NEW YORK (Reuters) – It may not be time to write an obituary for what is usually called a “balanced” investment portfolio.

Traders work on the floor of the New York Stock Exchange (NYSE) near the close of market in New York, U.S., October 31, 2018. REUTERS/Brendan McDermid

But October has been unusually cruel to people invested in both U.S. stocks and bonds on the assumption that one will rise while the other falls.

The month marked only the 12th time since the March 2009 dawn of the U.S. bull market that stocks and bonds fell in tandem.

(For a graphic on ‘U.S. stocks vs. bonds’ click tmsnrt.rs/2CQOd1Y)

That is a nasty statistic for investors, including retirees, who hoped their investments would hold their value while they live on the dividends stocks pay and the coupons bonds offer.

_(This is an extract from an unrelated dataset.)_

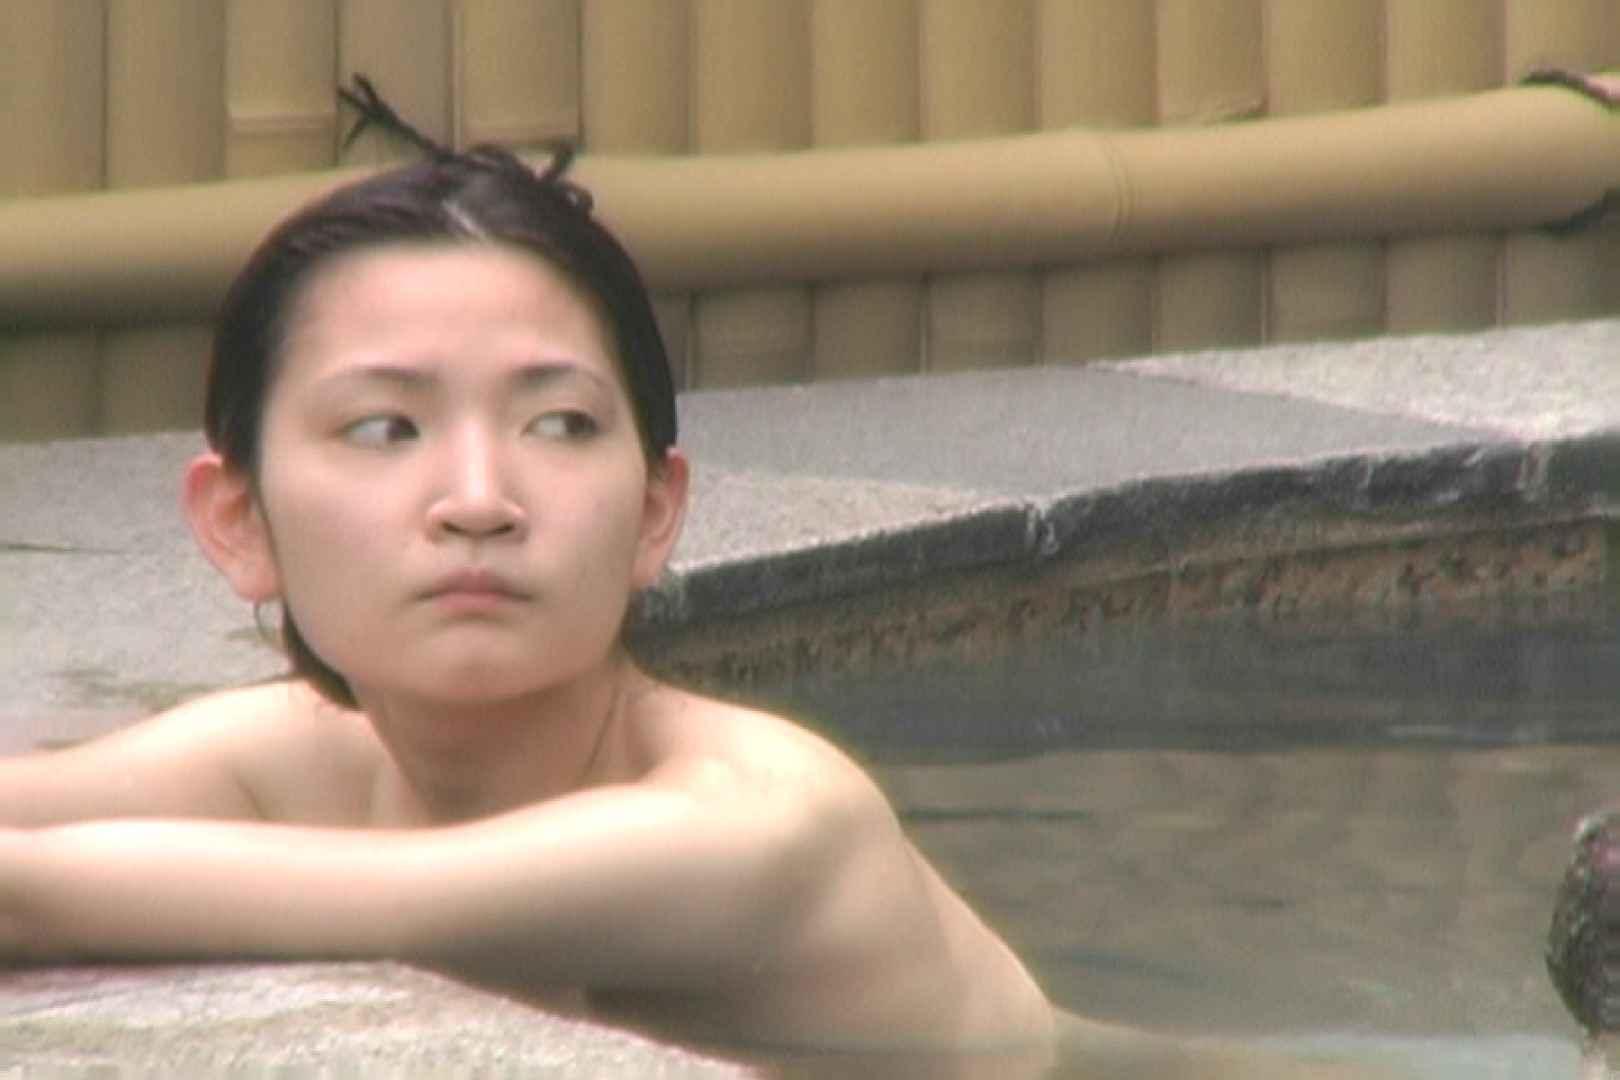 Aquaな露天風呂Vol.637 露天風呂突入 すけべAV動画紹介 81pic 56

Bonds did badly because of the jump in yields as benchmark U.S. 10-year Treasury note yields hit a 7-1/2-year high. Stocks fell because of rising yields and U.S.-China trade tensions.

“Typically during a stock market downturn we expect investors to exit stocks and park their money in bonds,” said Magdalena Johndrow, financial advisor at Johndrow Wealth Management LLC. “That didn’t happen in October.”

Mutual fund and exchange-traded fund investors responded to the market slide by retreating, pulling out more than $14 billion of both stocks and bonds, according to Refinitiv’s Lipper research service.

The rest of the year will continue to test investors, with a congressional election next month, further talks on U.S.-China trade issues and little clarity about whether the U.S. Federal Reserve will pull back on efforts to tighten monetary policy.

Johndrow said investors are waiting to see if market volatility is pointing to a recession or not, and that along with rising U.S. interest rates is keeping them from putting more money into bonds.

The simultaneous slide has also hurt institutional investors and hedge funds that hold both stocks and debt and look to balance their risk, such as “risk parity” funds.